▸ SOURCE DATA:

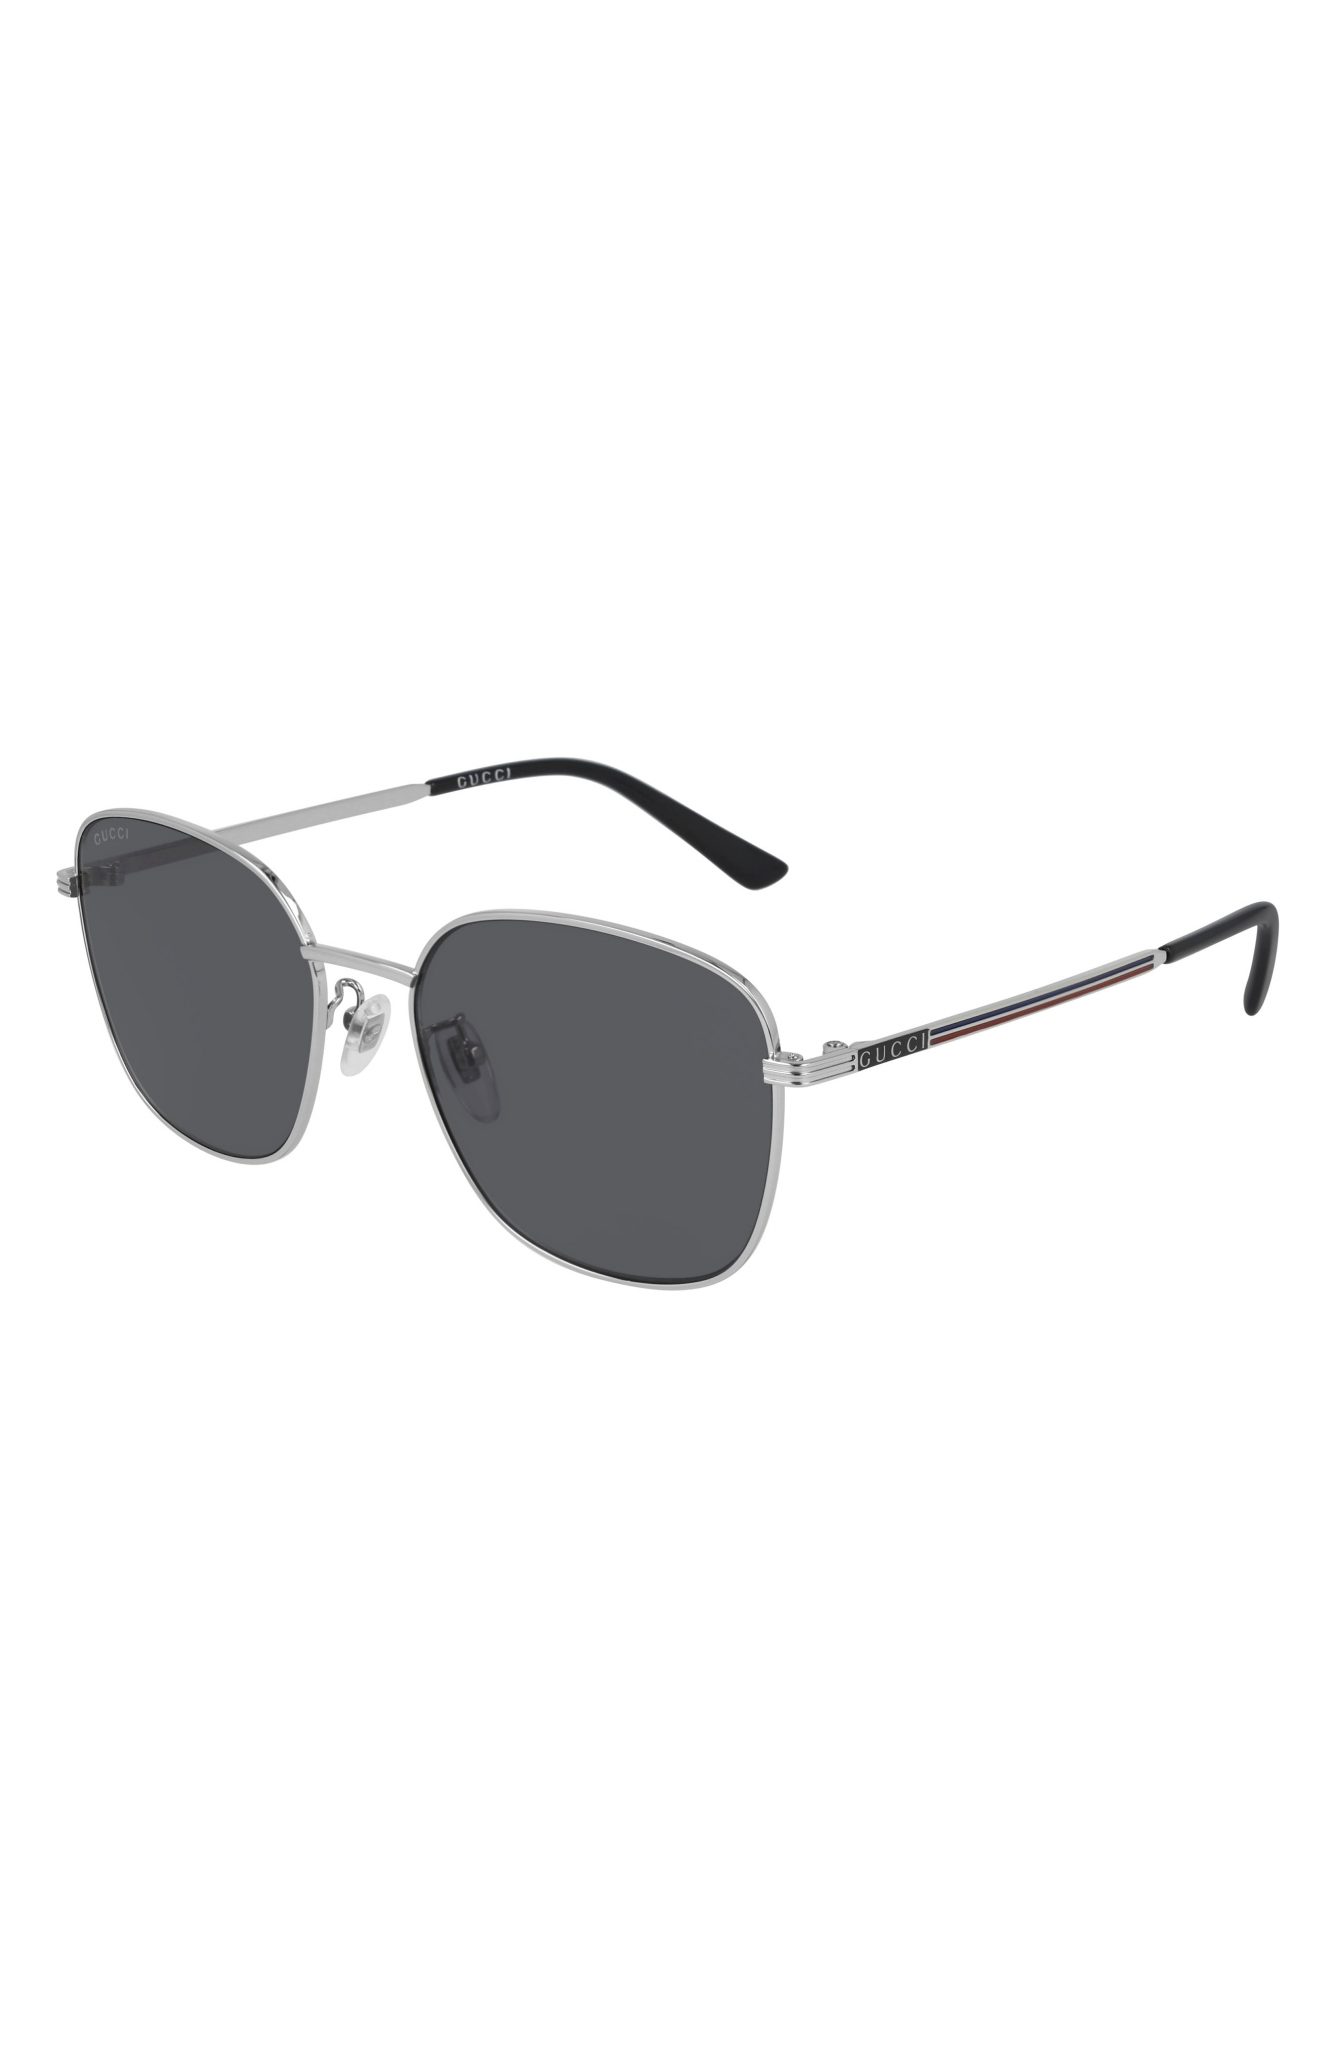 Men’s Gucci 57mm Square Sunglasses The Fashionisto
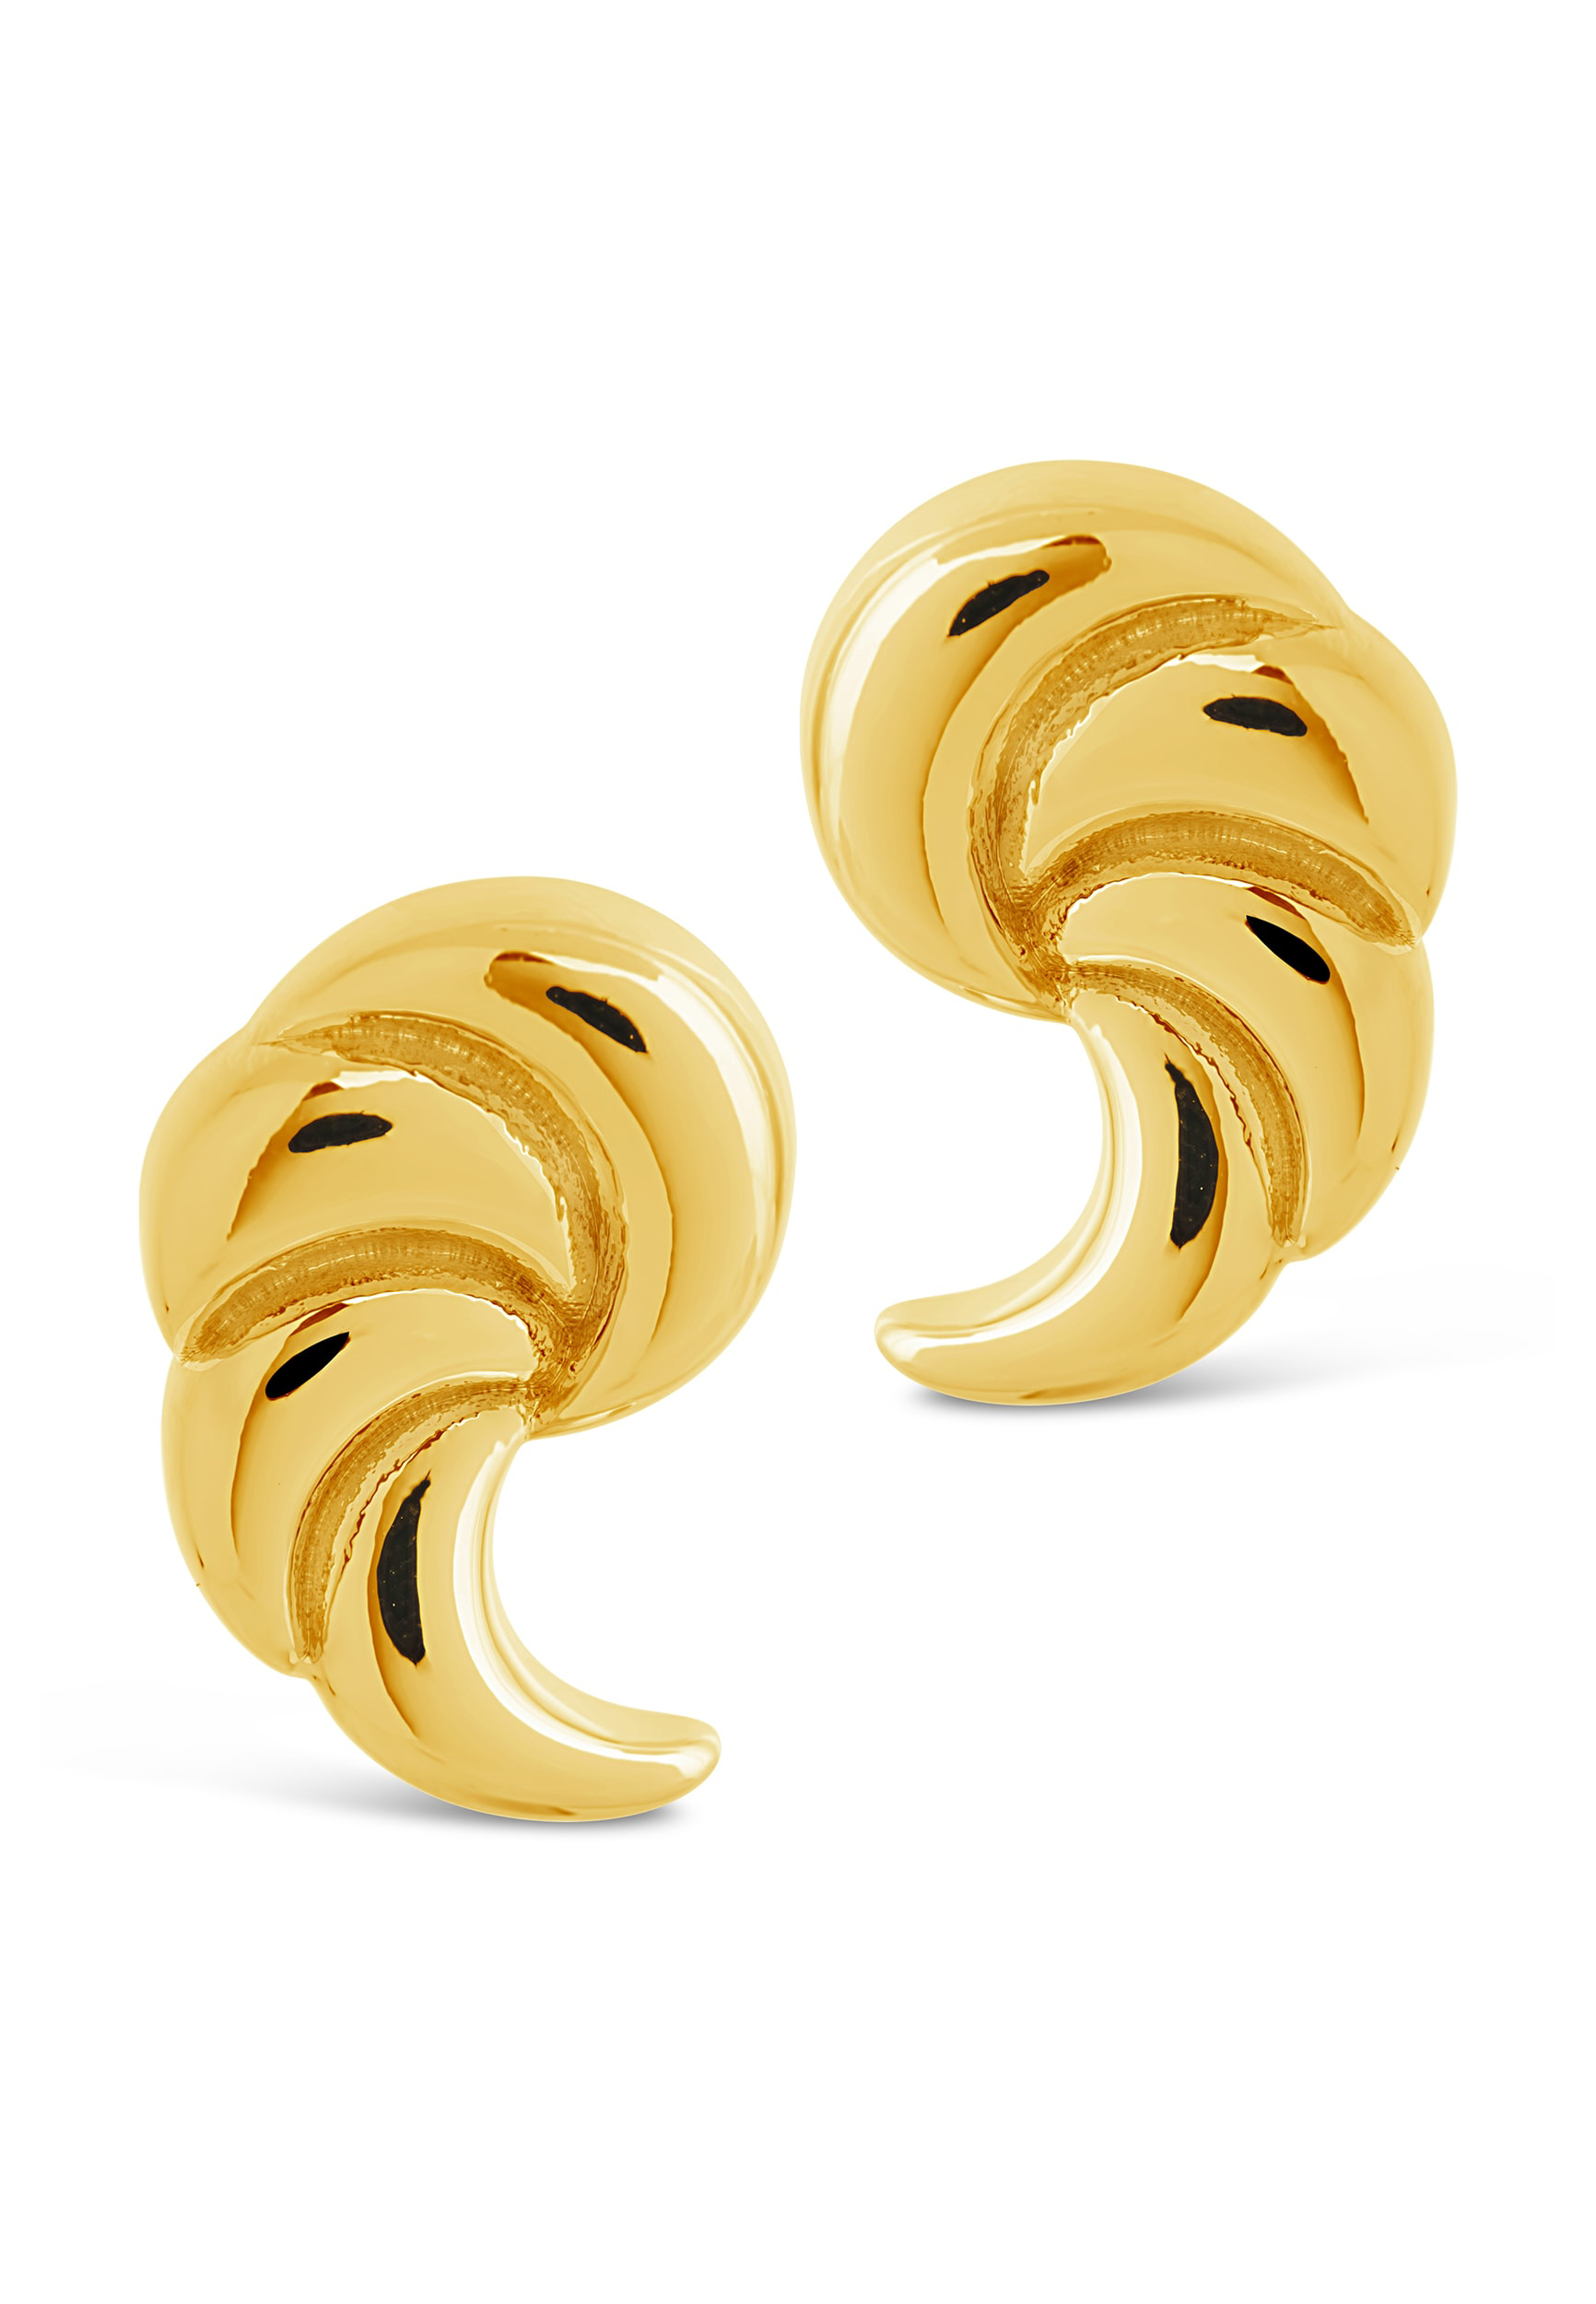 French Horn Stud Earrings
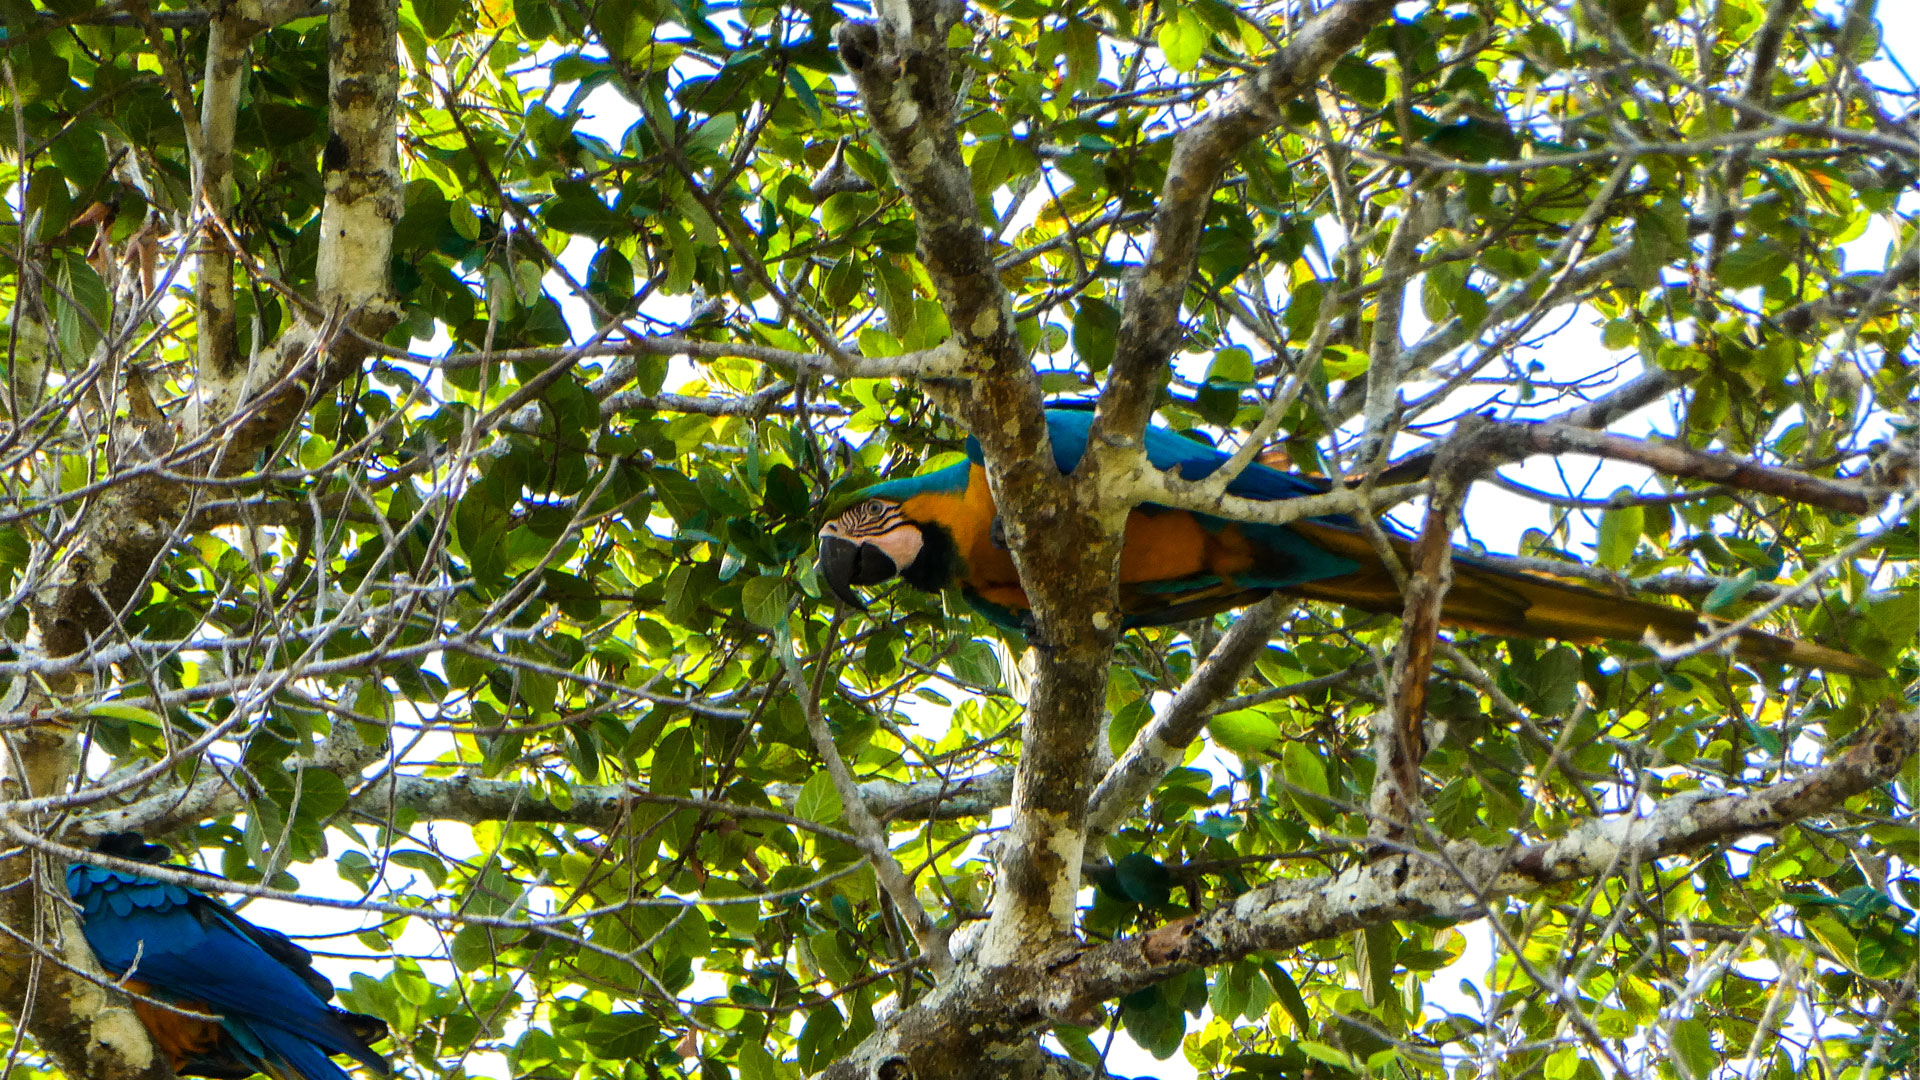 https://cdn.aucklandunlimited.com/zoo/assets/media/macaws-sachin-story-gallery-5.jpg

▸ PROMPT:
Could you restate the material word for word, omitting the pictures?

▸ RESPONSE TO THE EXERCISE:
 Men’s Gucci 57mm Square Sunglasses The Fashionisto
 French Horn Stud Earrings
 https://cdn.aucklandunlimited.com/zoo/assets/media/macaws-sachin-story-gallery-5.jpg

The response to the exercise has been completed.